324 F2d 565 Egan v. American Airlines Inc
324 F.2d 565
Elizabeth Anna EGAN and John H. Seiter, as Administrators of
the Estate of Eileen M. Seiter, plaintiffs-Appellants,
AMERICAN AIRLINES, INC., Defendant-Appellee.
No. 77, Docket 27985.
United States Court of Appeals Second Circuit.
Argued Oct. 21, 1963.
Decided Oct. 21, 1963.
Burton S. Cooper, New York City (Leonard Lerner and Shatzkin & Cooper, New York City, on the brief), for plaintiffs-appellants.
Robert F. Ewald, New York City (P. G. Pennoyer, Jr., Peter J. Magee and Bigham, Englar, Jones & Houston, New York City, on the brief), for defendant-appellee.

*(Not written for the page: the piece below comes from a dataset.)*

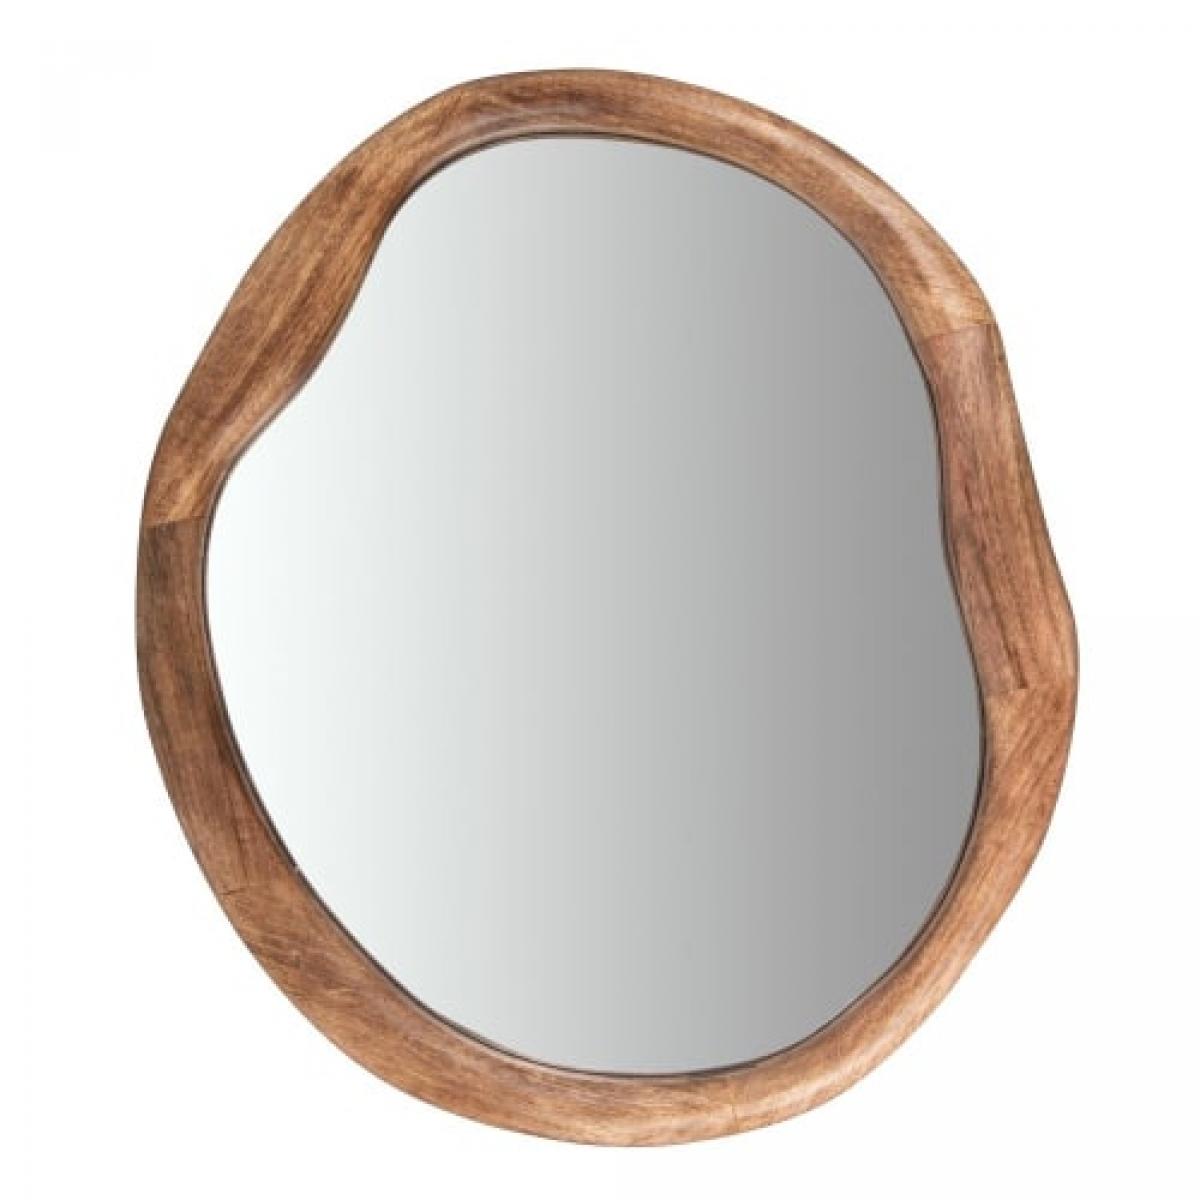 Le miroir en bois de manguier

Before LUMBARD, Chief Judge, and MEDINA and FRIENDLY, Circuit Judges.
MEDINA, Circuit Judge.
We affirm in open court. The asserted basis of jurisdiction is diversity of citizenship. Judge Rayfiel held that defendant American Airlines, Inc., while incorporated in Delaware, had its principal place of business in New York and dismissed the action for lack of jurisdiction, applying 28 U.S.C. 1332(c). In concluding that New York was the state where American Airlines, Inc. had its principal place of business, Judge Rayfiel correctly analyzed the facts of this particular case. He found that American's 'general over-all management and business policy is prescribed in and directed from New York' where it also conducts a substantial operation; and the record shows that in other states where its physical volume of operation was larger (due in some part to their greater area), American maintained, for the most part, only officers concerned with the activities conducted there. There is no conflict between Judge Rayfiel's decision and Judge Weinfeld's in Scot Typewriter Co. v. Underwood Corp., D.C.S.D.N.Y., 1959, 170 F.Supp. 862, on the one hand, and the Third Circuit case of Kelly v. United States Steel Corporation, 3 Cir., 1960, 284 F.2d 850, on the other; in that case over-all management control was split between New York and Pennsylvania and the court found a predominance of activity in the latter state.
Since appellants have not been able to point to any single state which should be more properly regarded as American's principal place of business, the fact that New York activities are a modest fraction of the total proves nothing. The argument of appellants that jurisdiction should be sustained because 'the vast majority of key activities and situs of operations of the * * * airline were performed and located outside of the State of New York' is untenable for the reason that it would lead to a ruling that American Airlines, Inc., or any other corporation which does not conduct the majority of its activities in a single state, has no principal place of business in any state-- a result clearly not contemplate by the Congress. See legislative history of 28 U.S.C., Section 1332(c), United States Code Congressional and Administrative News, 85th Congress, Second Session, 1958, Vol. 2 at pp. 3101-3102. Such a fragmentation, followed by a comparison of 'the key activities and situs of operations' in one state with the aggregate of the 'key activities and situs of operations' in all other states, would emasculate the statute and defeat the underlying legislative intent. The statute was designed to prevent assertion, for purposes of diversity jurisdiction, that a corporation is a citizen exclusively of the state in which (perhaps as its sole connection) it obtained its corporate charter, and that it is not a citizen of the state in which it conducts its principal business activities. Furthermore, the act was intended to reduce substantially the caseload of the federal District Courts based upon diversity.